California red-legged frog: Our Newly Famous Sunol Valley Resident


Just a few weeks ago, Governor Jerry Brown signed legislation designating one of our local Sunol Valley animals -- the California red-legged frog -- as the official State Amphibian! Since getting an autograph is out of the question, we thought we’d offer you a reintroduction to our famous resident instead.

The California red-legged frog is the largest native frog in the state and was first made famous in Mark Twain’s The Celebrated Jumping Frog of Calaveras County. According to the National Wildlife Federation, true to its name, they have reddish coloring on the underside of their legs and belly.
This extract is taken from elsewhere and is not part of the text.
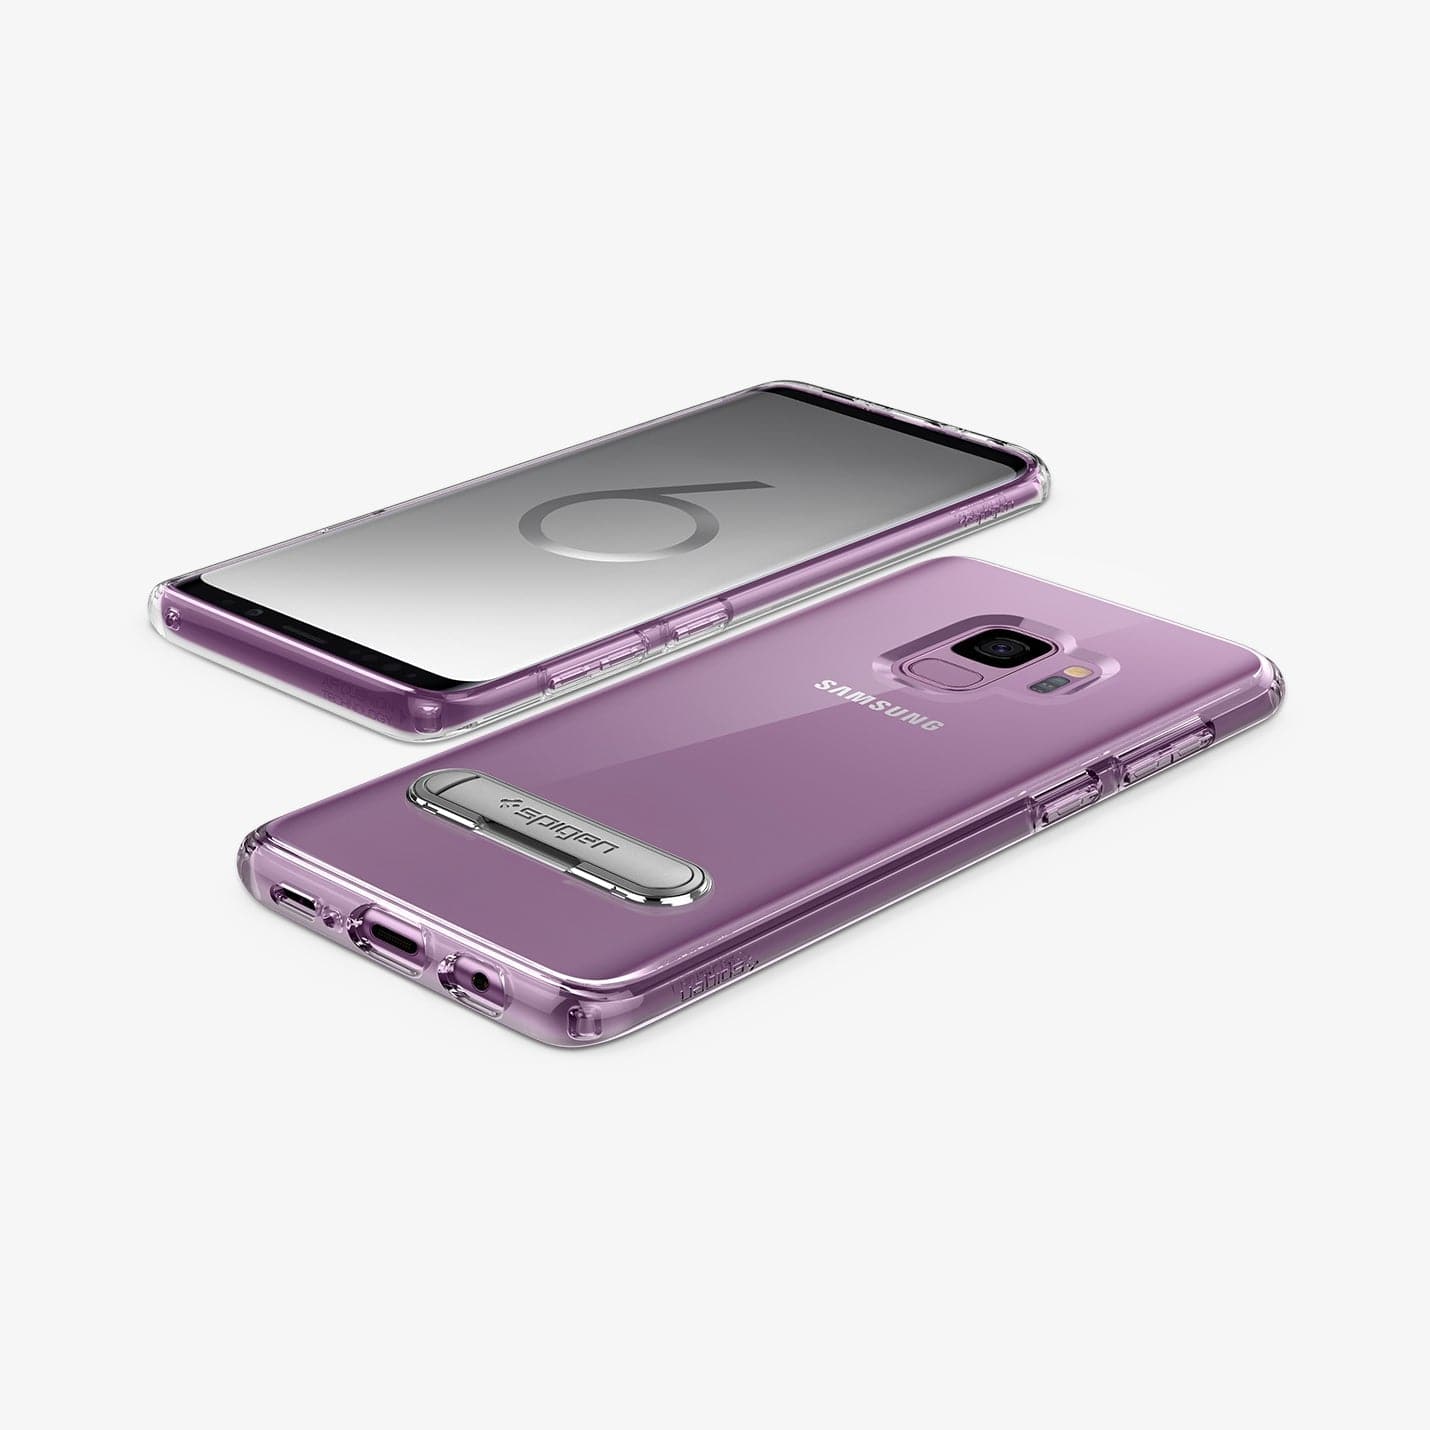 592CS22841 - Galaxy S9 Series Ultra Hybrid S Case in crystal clear showing the back, front, sides and bottom

They dine on anything they can catch and fit into their mouths. Mostly insects, but the occasional amphibian or small mammal might also become dinner. Speaking of dinner, California red-legged frogs were once a popular dinner cuisine during the Gold Rush era.

Contra Costa and Alameda Counties contain the majority of known observations of California red-legged frogs in the San Francisco Bay Area (U.S. Fish and Wildlife Service 2002). Today, their existence is threatened due to loss of habitat, particularly near urban communities and development. Thankfully, the 36,000 acres of Southern Alameda Creek Watershed lands owned by the San Francisco Public Utilities Commission has been protected and is a haven for our famous residents.

Our primary goal as watershed stewards is to protect existing populations, control non-native predators, and protect habitat for the red-legged frogs. As we make progress on our Water System Improvement Program in Sunol Valley, our Environmental Compliance teams work side by side with construction contractors to ensure our newly-designated Official State Amphibian is safe from harm.